(Exercise brief)
Among the lines below, copy exactly those from the one with "Indigo Zimbabwe 908 Ocean T-shirt-5" through the one with "tama starclassic bubinga", counting both ends.

(Supplied material)
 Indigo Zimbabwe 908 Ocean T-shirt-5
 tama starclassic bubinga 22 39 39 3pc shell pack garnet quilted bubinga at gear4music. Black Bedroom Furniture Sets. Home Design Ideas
* * *
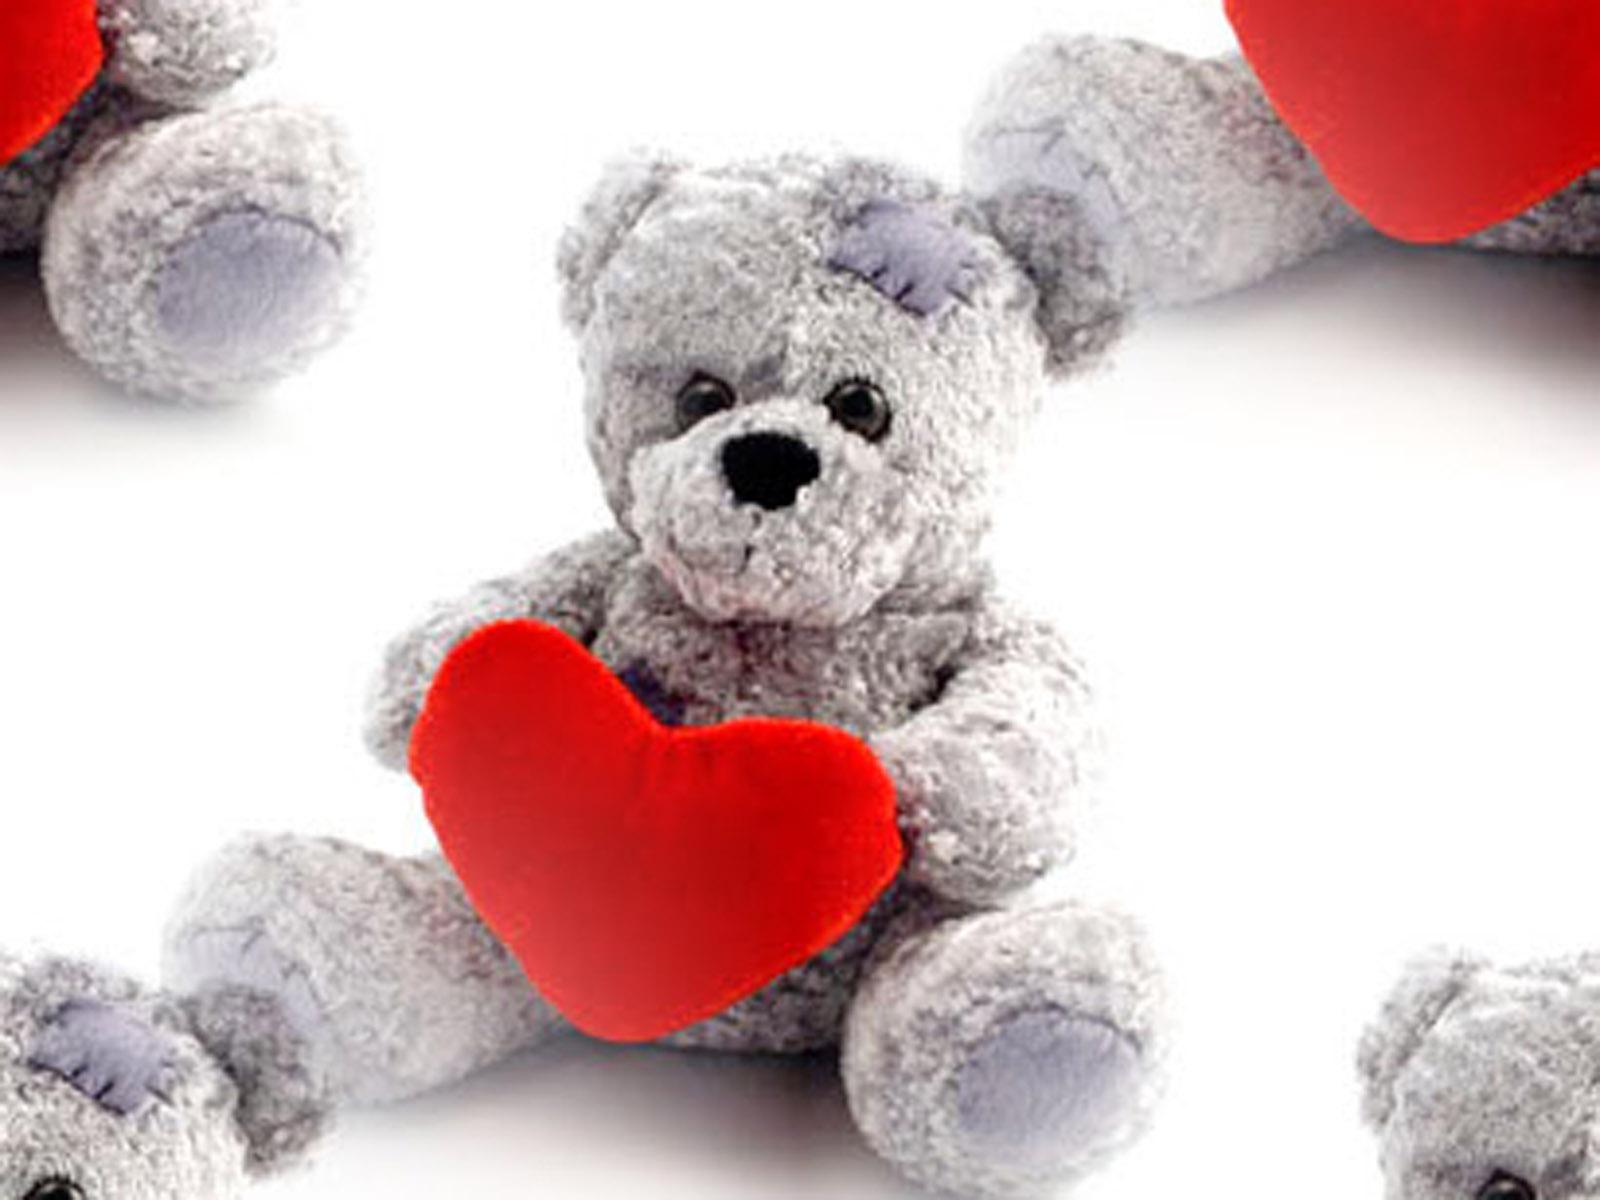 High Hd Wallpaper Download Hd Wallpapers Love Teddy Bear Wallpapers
---
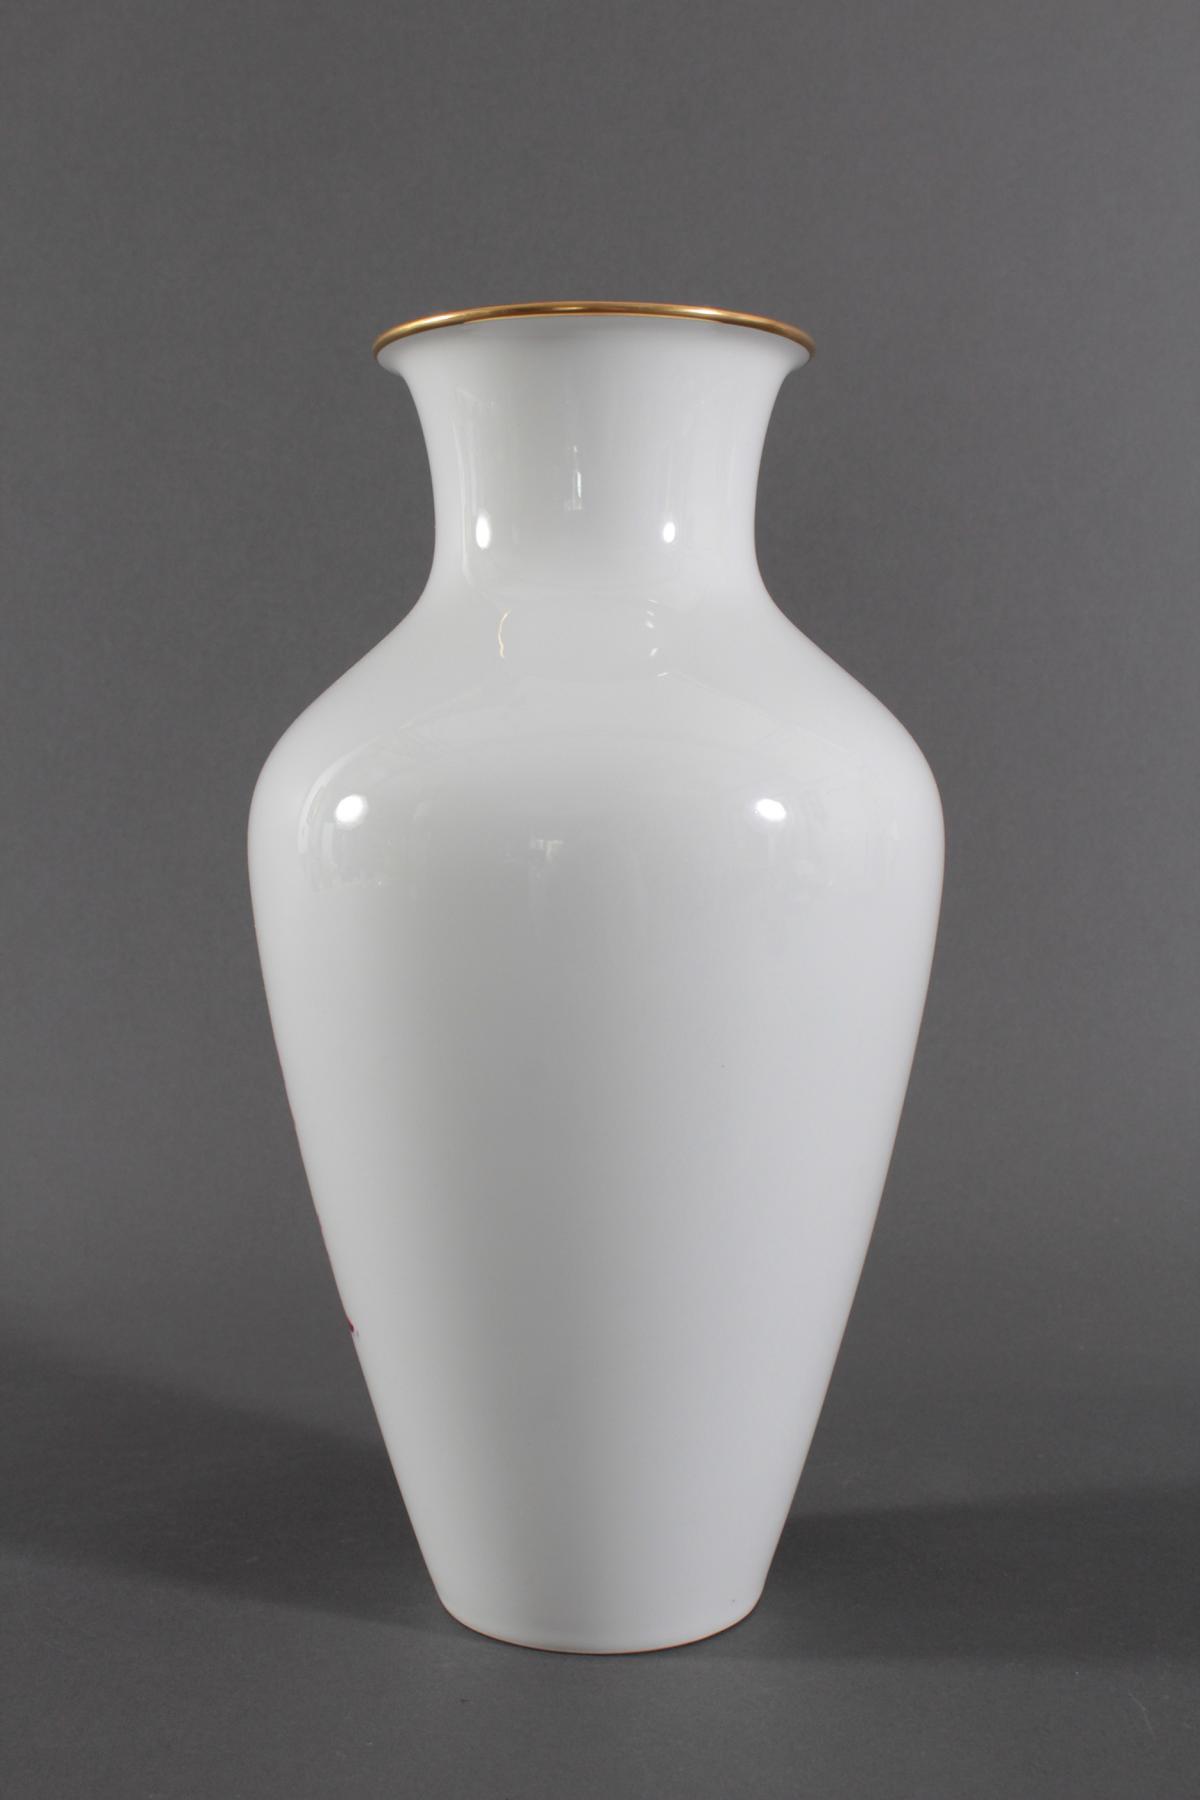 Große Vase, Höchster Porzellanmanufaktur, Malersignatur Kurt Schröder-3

(Response area)
 Indigo Zimbabwe 908 Ocean T-shirt-5
 tama starclassic bubinga 22 39 39 3pc shell pack garnet quilted bubinga at gear4music. Black Bedroom Furniture Sets. Home Design Ideas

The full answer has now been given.